Reguläre Anpassung der Renten im Beitrittsgebiet (Ost) an das Westniveau

Haas - Steuernachrichten

Reguläre Rentenerhöhungen und -anpassungen führen nicht zu einer Neuberechnung des steuerfreien Anteils der Rente.

Immer mehr Rentner, auch ohne weitere Einkünfte, sind mittlerweile verpflichtet eine Einkommensteuererklärung abzugeben, da ihr steuerpflichtiger Teil der Rente über dem Grundfreibetrag liegt. 

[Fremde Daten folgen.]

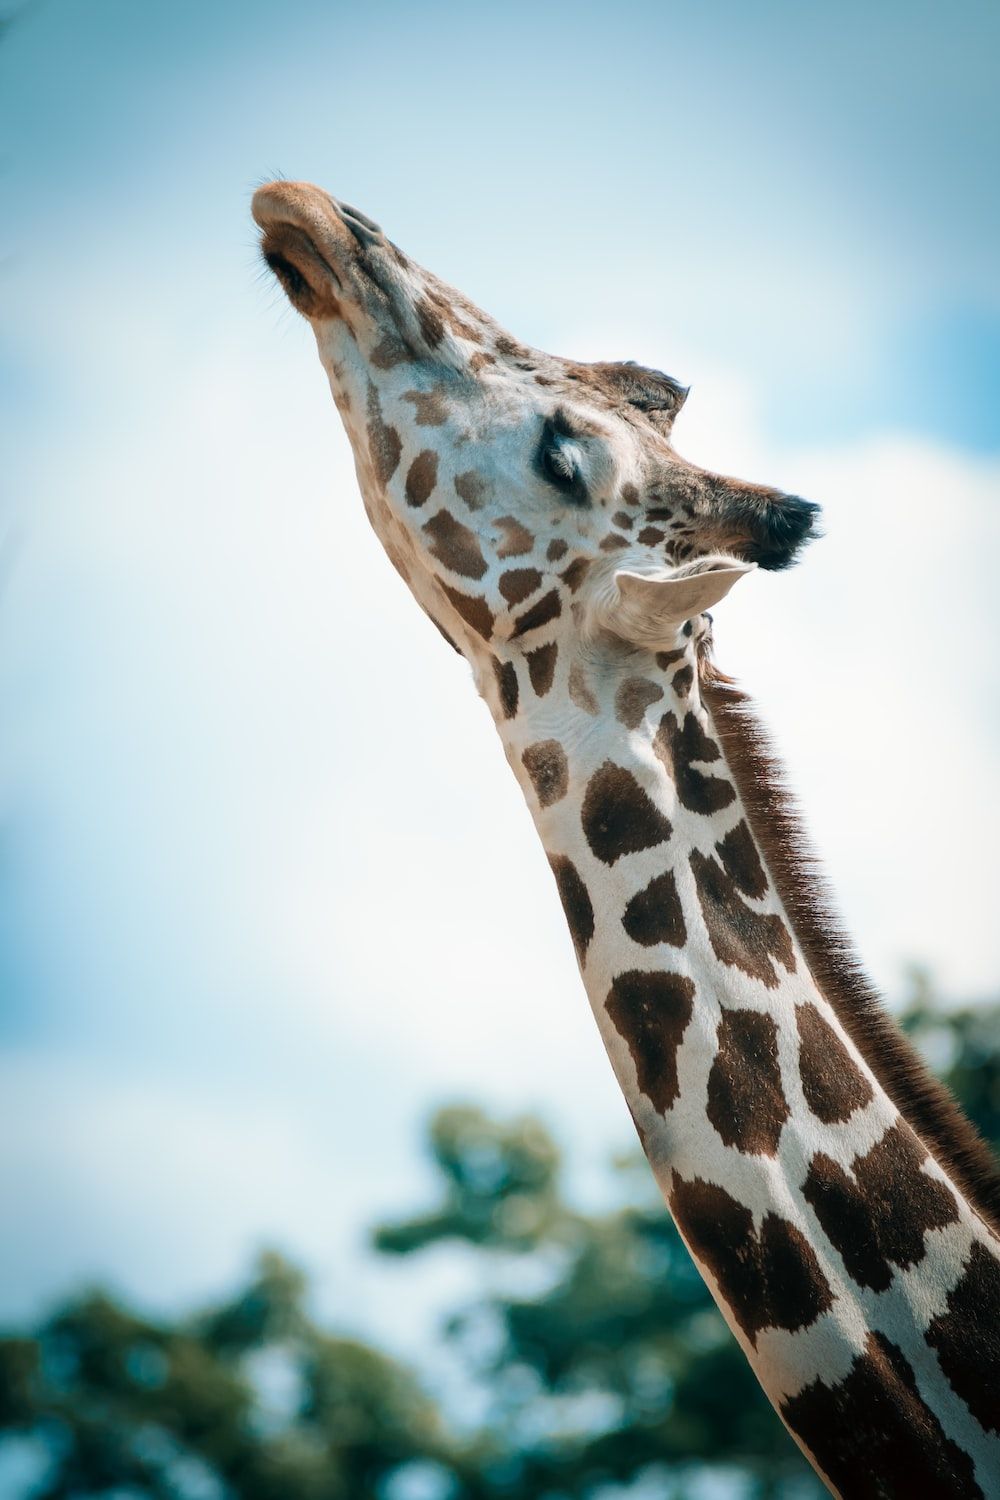  Giraffe Hintergrundbild 1000x1500. Giraffe Picture [HD]. Download Free Image

Im folgenden Fall ging es um die Fragestellung, ob eine Rentenerhöhung, genauer gesagt die Angleichung der Renten im Beitrittsgebiet (Ost) an das Westniveau zu einer Neuermittlung des steuerfreien Anteils der Rente führt. Der steuerfreie Teil der Rente wird im ersten vollen Jahr der Rentenzahlung ermittelt und ist abhängig von dem Jahr des Rentenbeginns. Gemäß § 22 EStG wird entsprechend der prozentuale Besteuerungsanteil und somit auch der steuerfreie Teil der Rente ermittelt, der dann für die gesamte Laufzeit der Rente festgeschrieben wird. Folge: Jede Rentenerhöhung ist zu 100 % steuerpflichtig. 

Urteilsfall
Im Streitfall bezogen der Kläger und seine verstorbene Ehefrau Altersrenten aus der gesetzlichen Rentenversicherung, berechnet nach dem aktuellen Rentenwert (Ost). Der Kläger war der Ansicht, dass die Anpassung des allgemeinen Rentenwertes (Ost) an das Westniveau zu einer Erhöhung des Rentenfreibetrages führen müsse, da dieser ansonsten zu niedrig sei. Sowohl das Finanzamt als auch das Finanzgericht lehnten dies ab. Und auch der BFH sah das jetzt so. Er wies darauf hin, dass reguläre Rentenerhöhungen nach dem ausdrücklichen Willen des Gesetzgebers nicht zu einer Erhöhung des Rentenfreibetrags führen. Die zusammen mit der „normalen“ Erhöhung der Renten erfolgende Angleichung der Renten im Beitrittsgebiet an das Westniveau stellt eine regelmäßige Rentenanpassung dar und führen daher nicht zu einer Neuberechnung des steuerfreien Teils der Altersrente (sog. Rentenfreibetrag). Darin liegt keine verfassungswidrige Ungleichbehandlung zwischen den in den neuen Bundesländern gezahlten Altersrenten und den Altersrenten aus dem übrigen Bundesgebiet.

Praxistipp
Durch regelmäßige Rentenanpassungen sind viele Rentner erstmals verpflichtet eine Einkommensteuererklärung abzugeben. Ende April 2019 haben die Länder Brandenburg, Bremen, Mecklenburg-Vorpommern und Sachsen mit Unterstützung des Bundesministeriums der Finanzen ein Pilotprojekt gestartet mit dem Ziel die Steuererklärung für Rentner zu vereinfachen. Der neue Vordruck „Erklärung zur Veranlagung von Alterseinkünften“, in dem nur noch ein paar Zusatzangaben gemacht werden müssen, kann seit dem 2. Mai 2019 abgegeben werden, allerdings nur in den oben genannten Bundesländern.

Hinweis
Liegen weitere Einkünfte, z. B. aus Vermietung und Verpachtung vor, müssen die umfangreichen Steuererklärungsvordrucke genutzt werden.